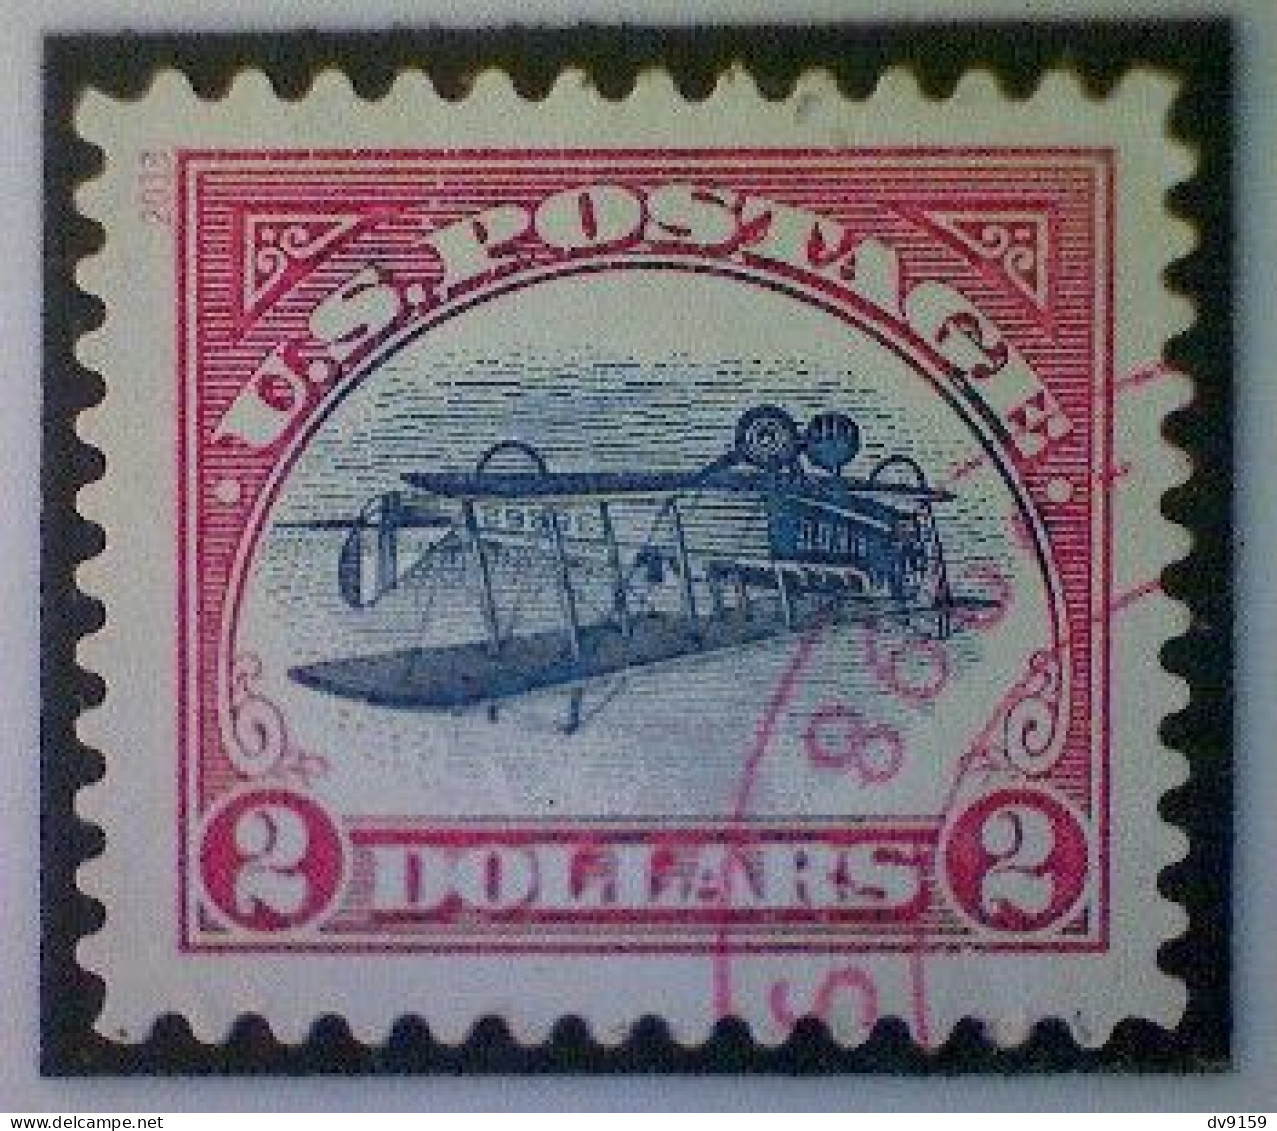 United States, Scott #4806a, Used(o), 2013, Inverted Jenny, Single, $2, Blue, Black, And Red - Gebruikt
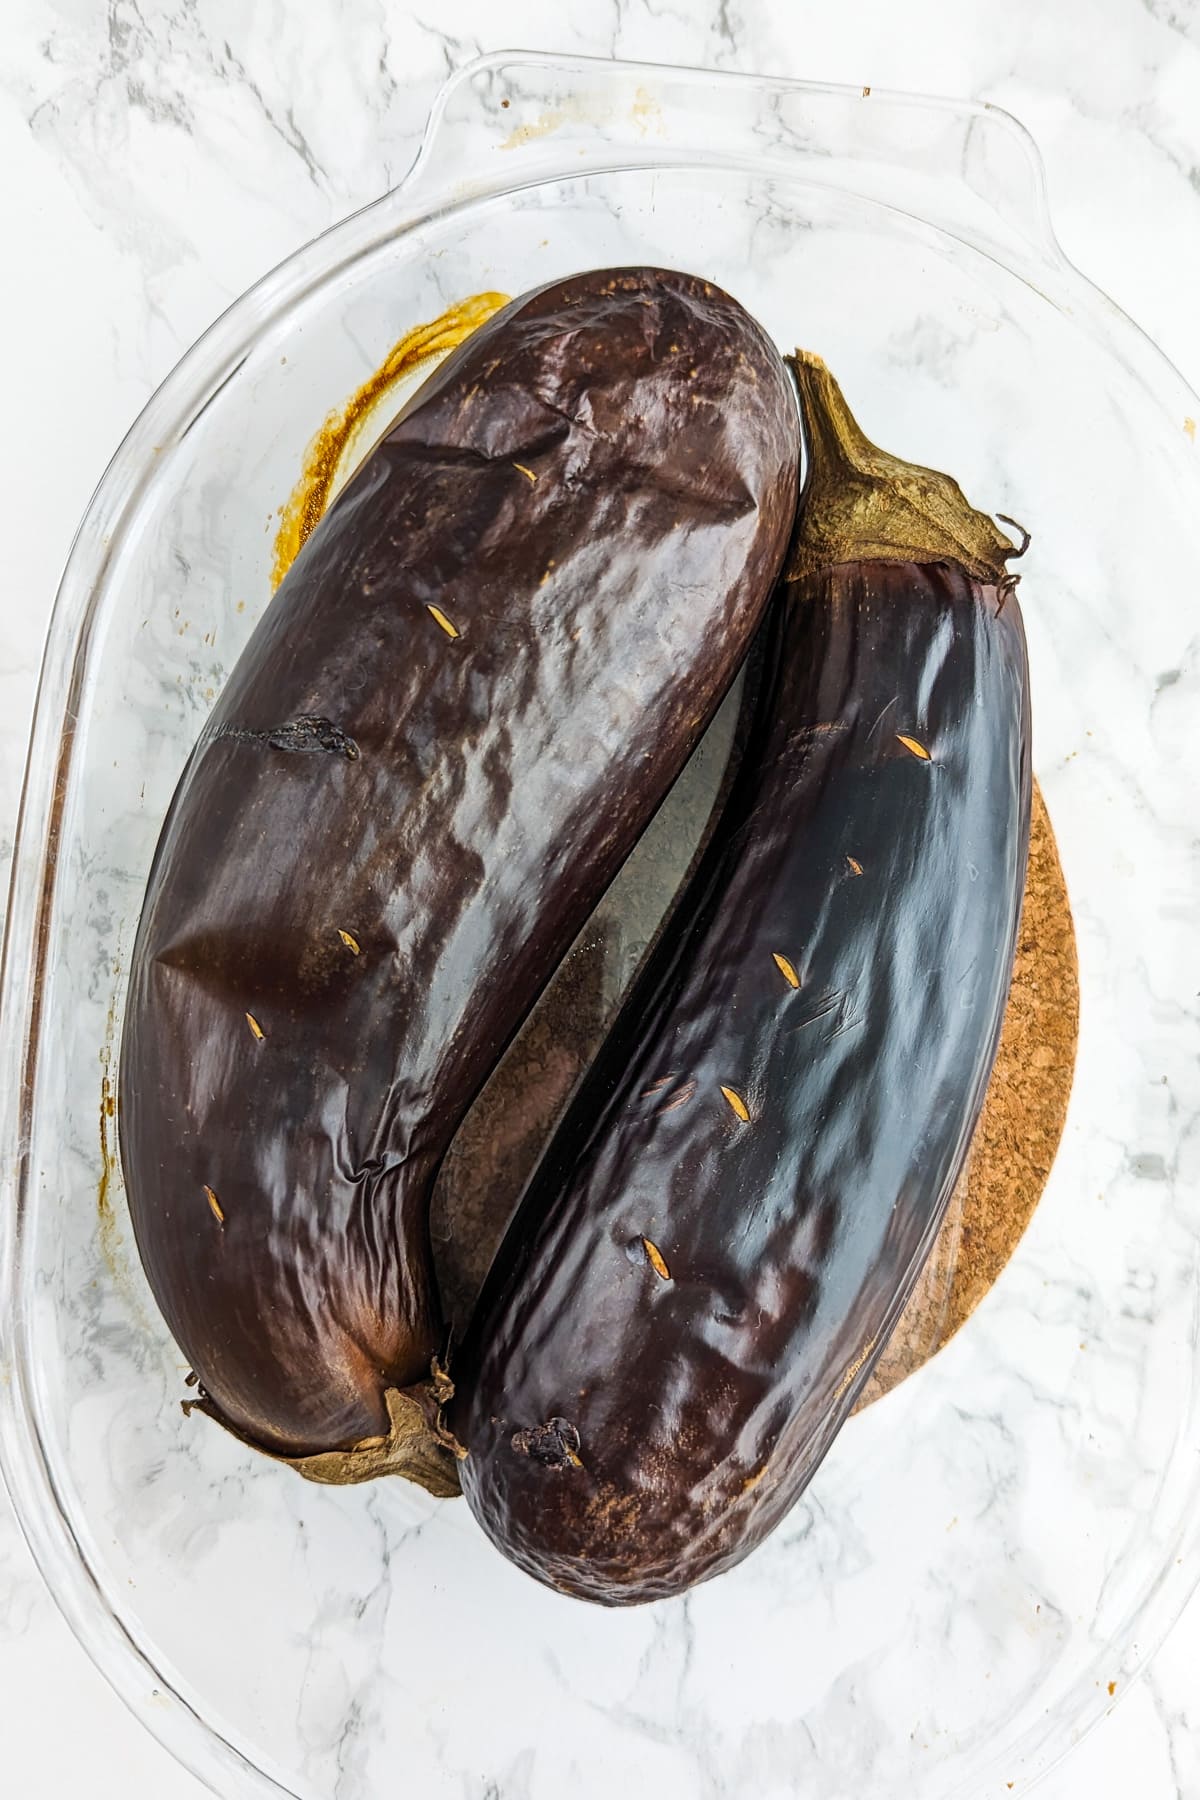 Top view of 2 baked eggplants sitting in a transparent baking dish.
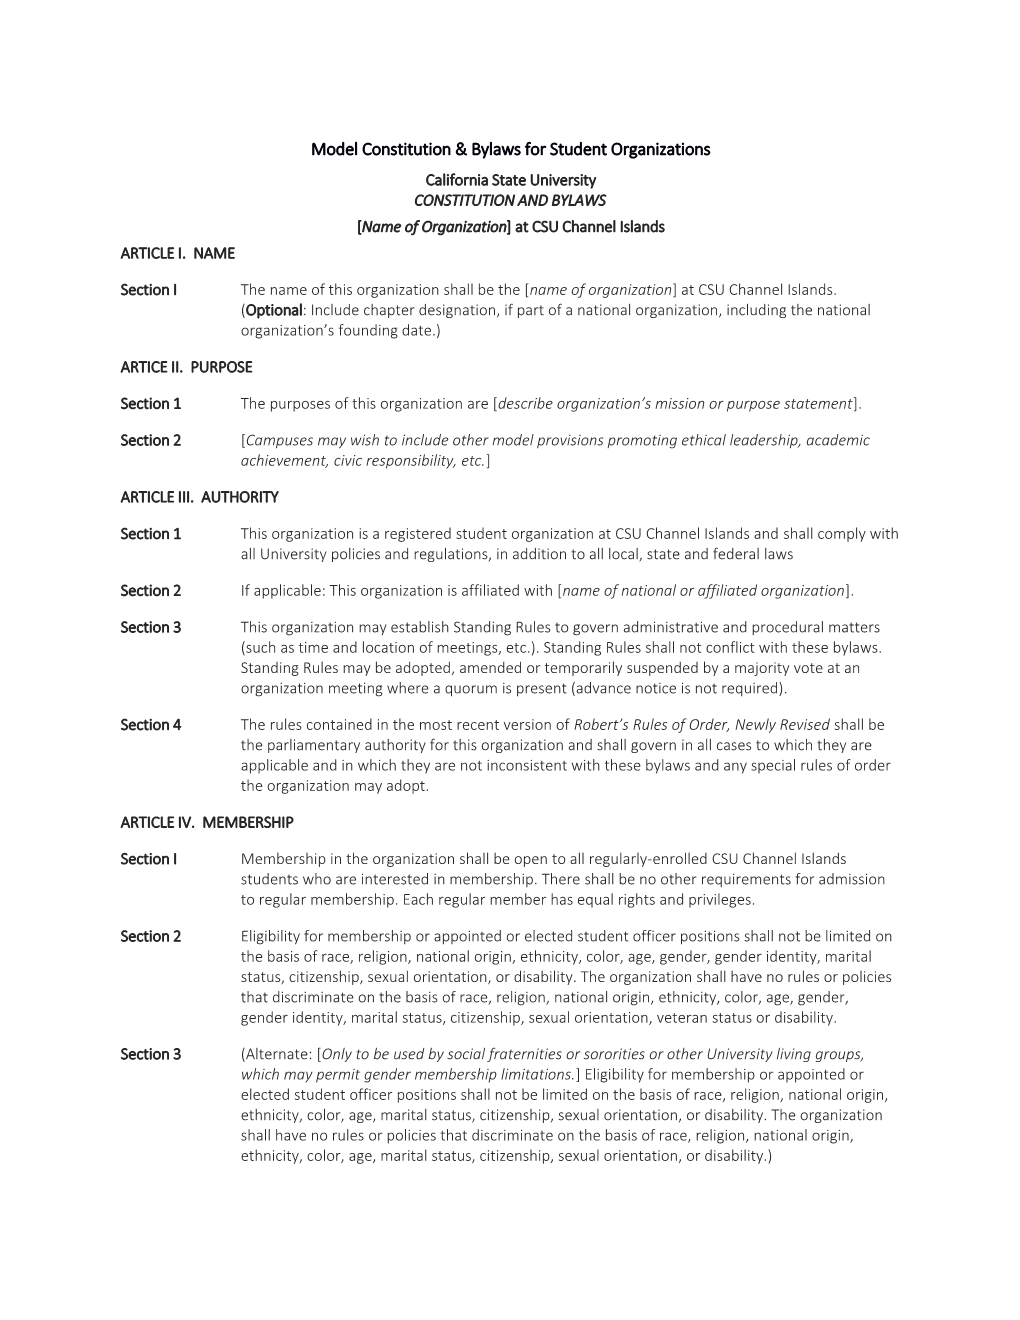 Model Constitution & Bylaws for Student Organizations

•••

TASK INSTRUCTIONS
All that is needed is the span from the line with "Top view of" through the last line of the material above, reproduced exactly and free of pictures.

OUTPUT FOR THIS EXERCISE
 Top view of 2 baked eggplants sitting in a transparent baking dish.
 Model Constitution & Bylaws for Student Organizations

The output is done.